RE: Unicode in a URL

From: Paul Deuter (Paul.Deuter@plumtree.com)
Date: Thu Apr 26 2001 - 12:16:42 EDT


Thanks Addison.

I appreciate that the UTF-8 solution is the "right" one.
However we must acknowledge that this "right" solution does not
appear to be implemented in anywhere. And I have come to the
conclusion that it also will not be.

The reason is the one that you mentioned: because the %XX format
is already being used by browsers as a generic way to character
data in any character set. A server cannot assume UTF-8 when
it knows that there is already a common practice of using this
format for other character sets.

I stumbled onto the %uXXXX format by accident and was happy to
find that IIS 5.0 decoded it correctly. It is not too surprising
though - because it seems that the need for an "unequivocal" way
of encoding a character would be tremendous. After all, that is
the whole reason that Unicode exists in the first place.

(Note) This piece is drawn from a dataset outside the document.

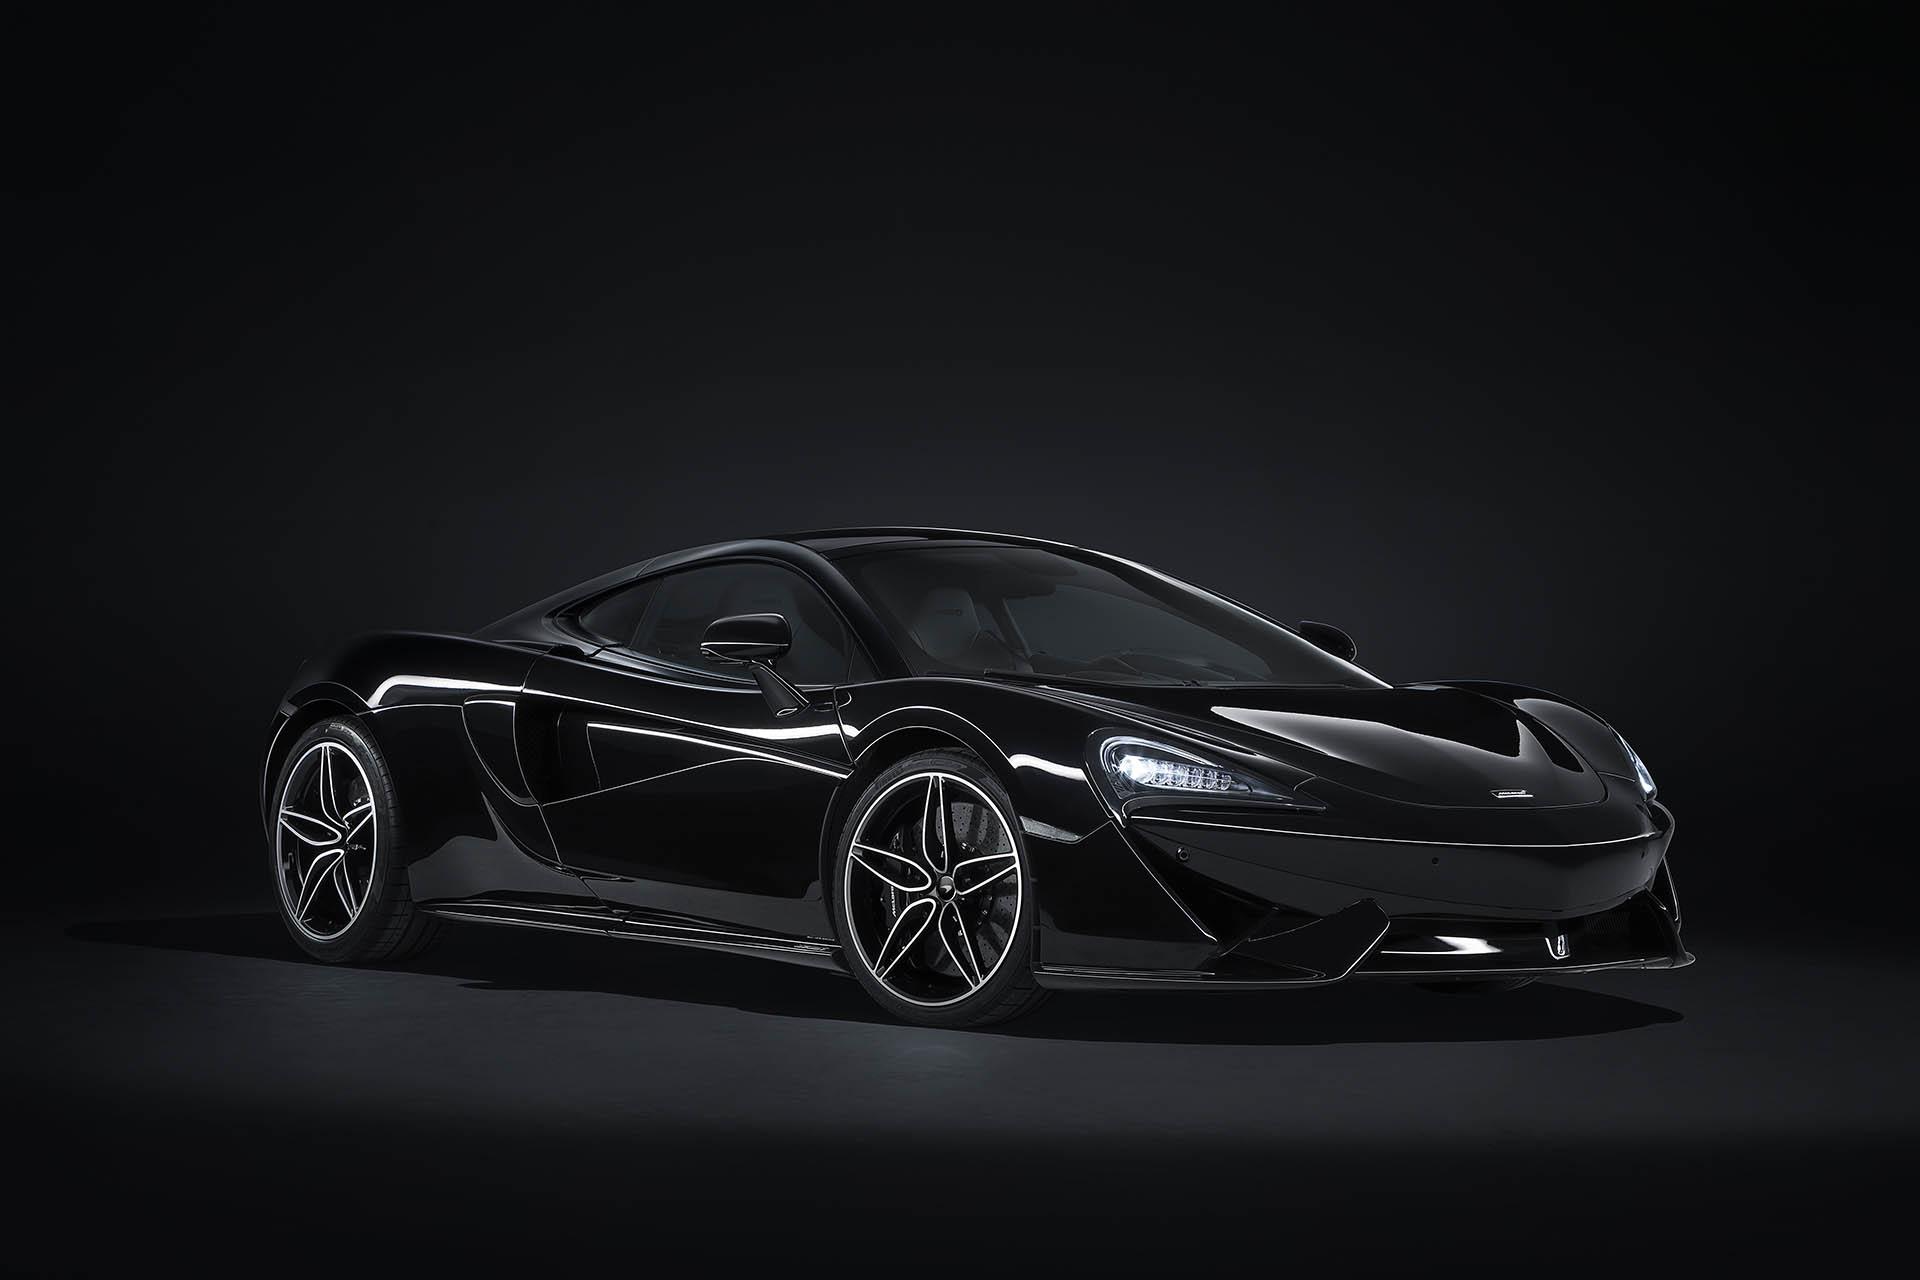 McLaren 570 GT MSO Black Collection

I am wondering if there isn't a need for the Unicode Spec to also
dictate a way of encoding Unicode in an ASCII stream. Perhaps
the %uXXXX is already that and I am just ignorant. Another
alternative would be to use the U+XXXX format that already has
been in wide use in the literature.

-Paul

Paul Deuter
Internationalization Manager
Plumtree Software
paul.deuter@plumtree.com <mailto:Paul.deuter@plumtree.com>
 

-----Original Message-----
From: addison@inter-locale.com [mailto:addison@inter-locale.com]
Sent: Wednesday, April 25, 2001 9:20 PM
To: Paul Deuter
Cc: Unicode List (E-mail)
Subject: Re: Unicode in a URL

Actually, your first solution (the W3C recommendation) is the "right" one,
generally speaking. At least you can use the server's native URL parser
in almost all cases to get the bits back. The problem that you're
encountering is not unusual, though.

In particular, IE will by default encode all of the URL *except* the part
after the "?" as UTF-8 for you. The data put there will be encoded as the
encoding of the page itself (as experienced by the browser). NN 4.x and
other browsers generally give you the encoding of the page for the whole
URL.

What you receive on the server side, therefore, is page dependent. How you
interpret it (or, rather, how the server interprets it) generally depends
on the page being retrieved and/or the configuration of the server
itself. The best way to handle it (from a reliability point of view) is to
use UTF-8 for everything and to reinterpret the URL using code. The idea
most servers (like Apache, for example) use is that the page being
retrieved is somehow similar to the request for the page, e.g. the page is
in the same encoding. This is not unreasonable, but again it implies that
everything is UTF-8.

Of course, you get to encounter the famous 4.x browser font problem in
Asian locales, so it's a tradeoff there.

Hope that helps.

Addison

===============================================================
Addison P. Phillips Globalization Architect
webMethods, Inc http://www.webmethods.com
Sunnyvale, CA, USA mailto:aphillips@webmethods.com

+1 408.210.3569 (mobile) +1 408.962.5487 (ofc)
===============================================================
"Internationalization is not a feature. It is an architecture."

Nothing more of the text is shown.